CAR SEAT SAFETY FOR KIDS
Take This 60-Second Safety Check

The National SAFE KIDS Campaign recommends that whenever possible, children ages 12 and under ride in the back seat of a vehicle. And the safest position for a safety seat, if it can be properly secured, is the center of the back seat.

* A child should ride in a rear-facing seat until at least one year and 20 pounds, and a rear-facing safety seat should never be placed in a vehicle seat equipped with an air bag.

* At one year and 20 pounds, a child can ride in a forward-facing seat equipped with internal harnesses.

* When a child reaches the height and weight limit of his forward-facing seat as prescribed by the manufacturer) he should ride in a belt-positioning booster seat, to be used in combination with an adult lap and shoulder belt.

* A child is ready for an adult safety belt with no booster when he can sit against the back of the seat and bend his knees over the ege, the lap belt makes good contact low over his hips, and the shoulder belt makes good contact across his chest and collarbone.

Almost 200 of the 604 children under age five killed as occupants in motor vehicles in 1997 were in safety seats, according to the National Highway Traffic Safety Administration (NHTSA).

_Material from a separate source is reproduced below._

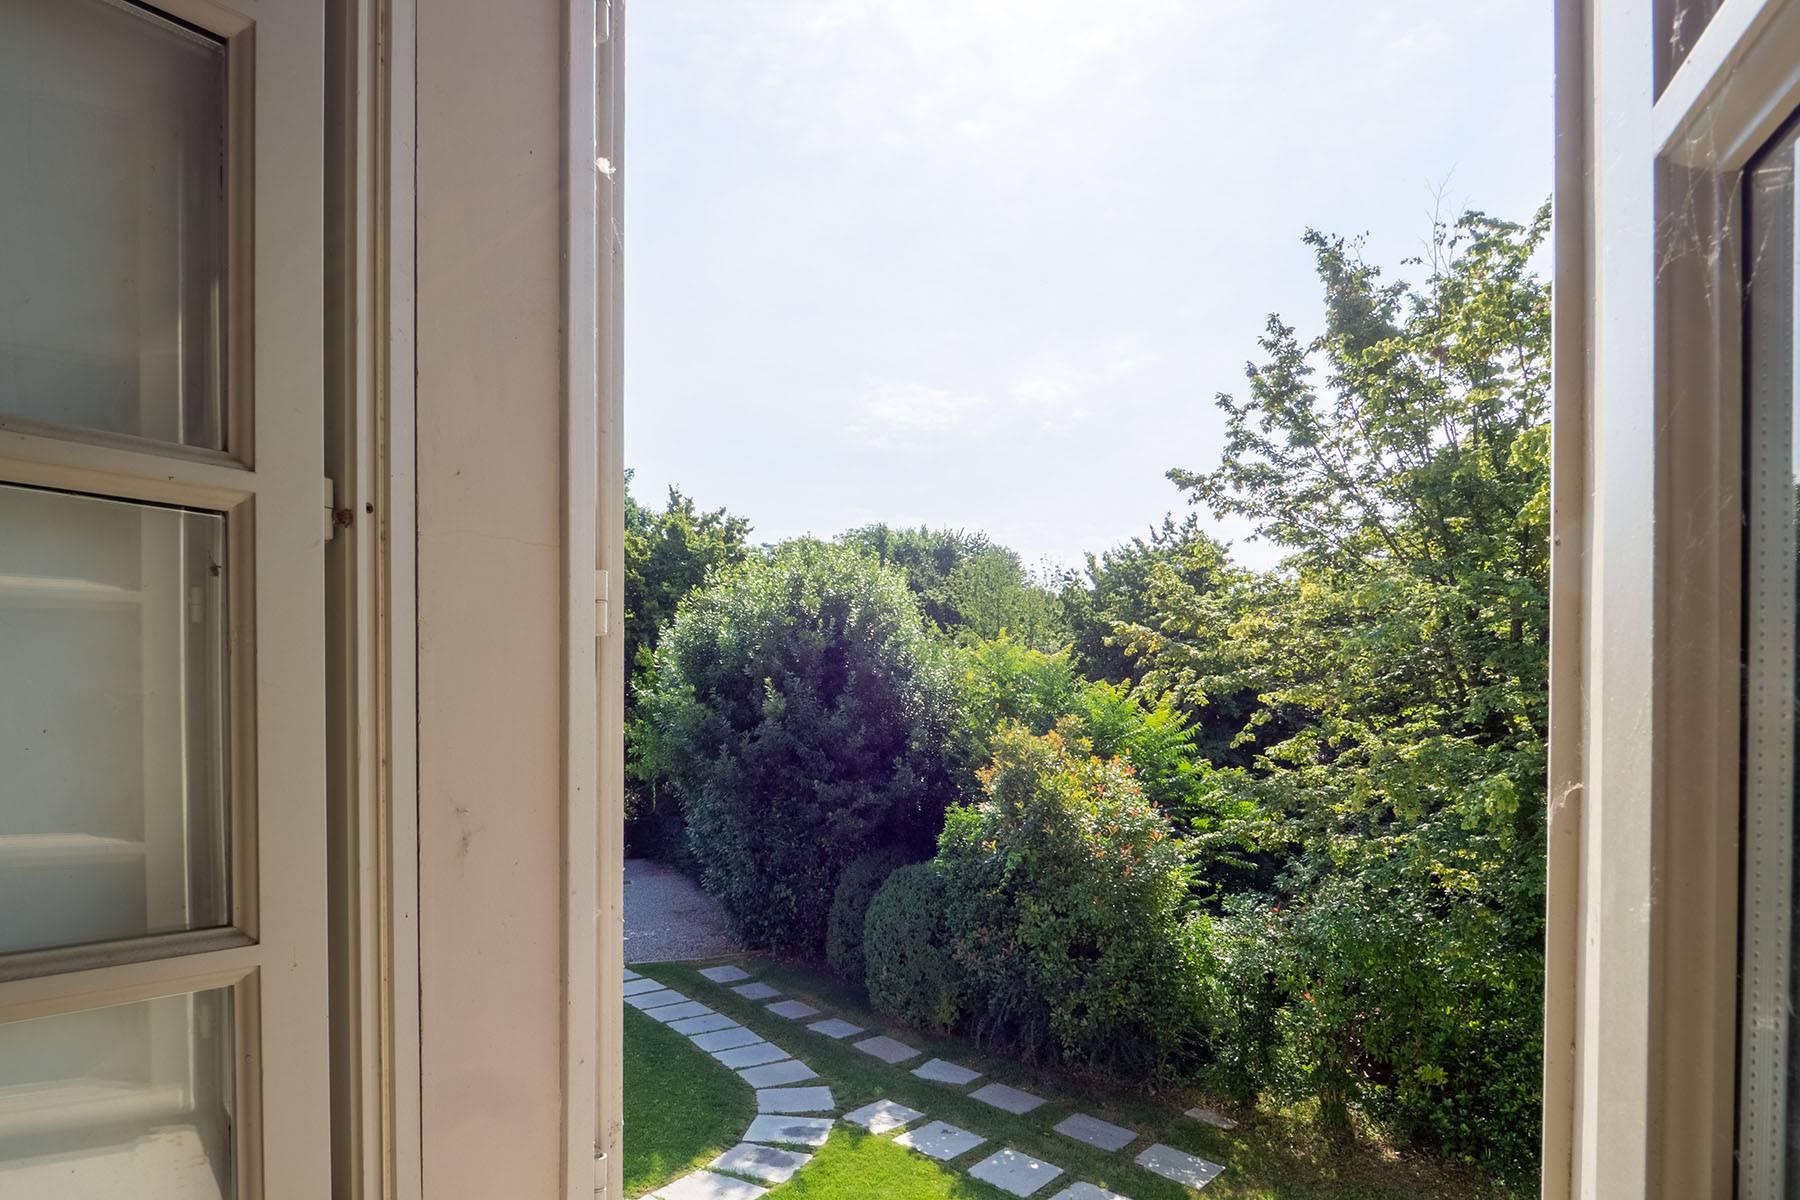 Casa indipendente in Vendita a Torino: 5 locali, 400 mq - Foto 9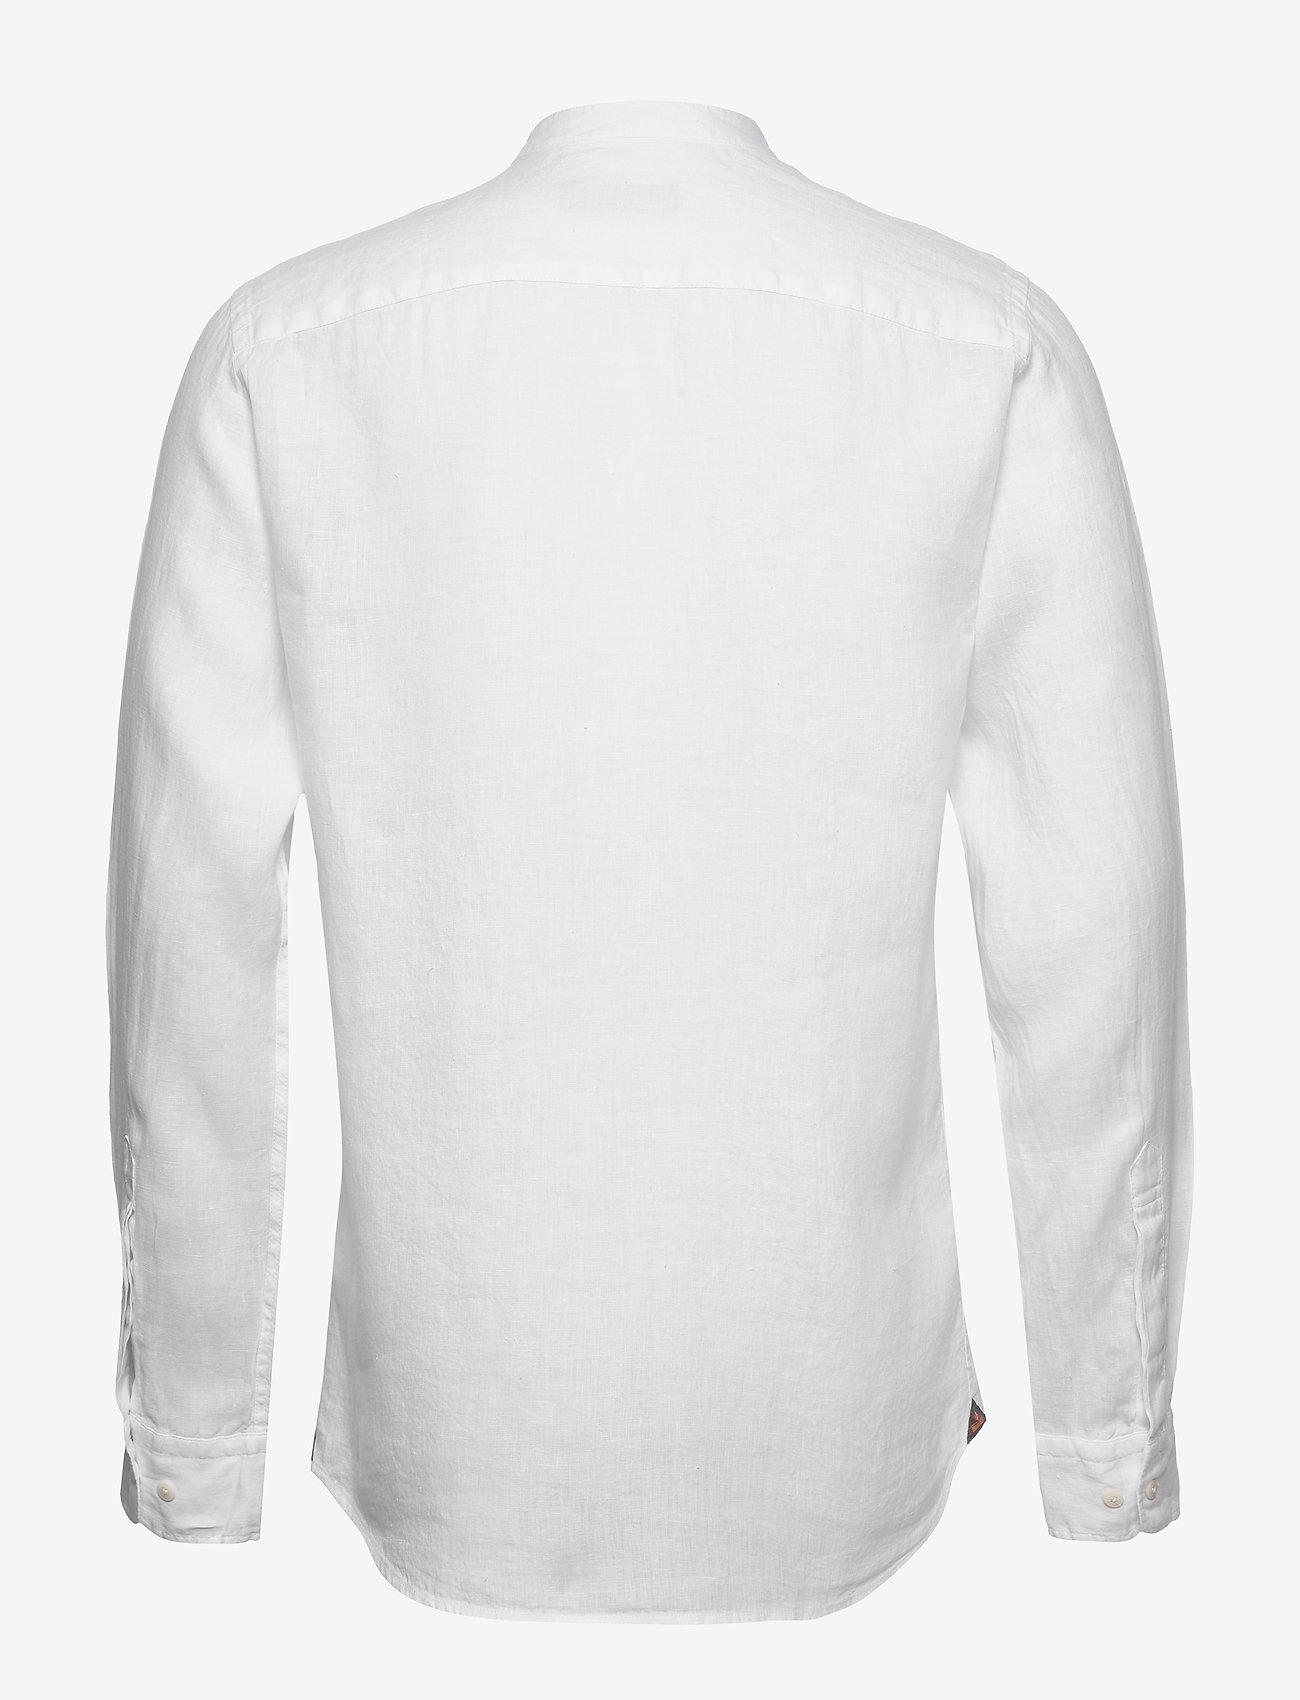 Nicolas Band Collar Shirt (White) (90.30 €) - Morris hDApo

Based on a multitude of recent surveys, child-safety experts believe it's likely that the majority of those seats were improperly installed. NHTSA also estimates that in 1997, as many as 30,500 infants and children were injured while riding in safety seats.

While it should be easy to install a car safety seat correctly, often it's not. there are more than 100 models of safety seats, more than 300 models of passenger vehicles and a wide range of safety-belt systems. Rarely will one seat fit every vehicle, and some seats won't fit into some vehicles at all. Safety organizations generally discourage the use of seats purchased at resale shops or yard sales, since the device could have a sustained structural damage in the past. Additionally, the Juvenile Products Manufacturers Association advises against using any seat more than six years old.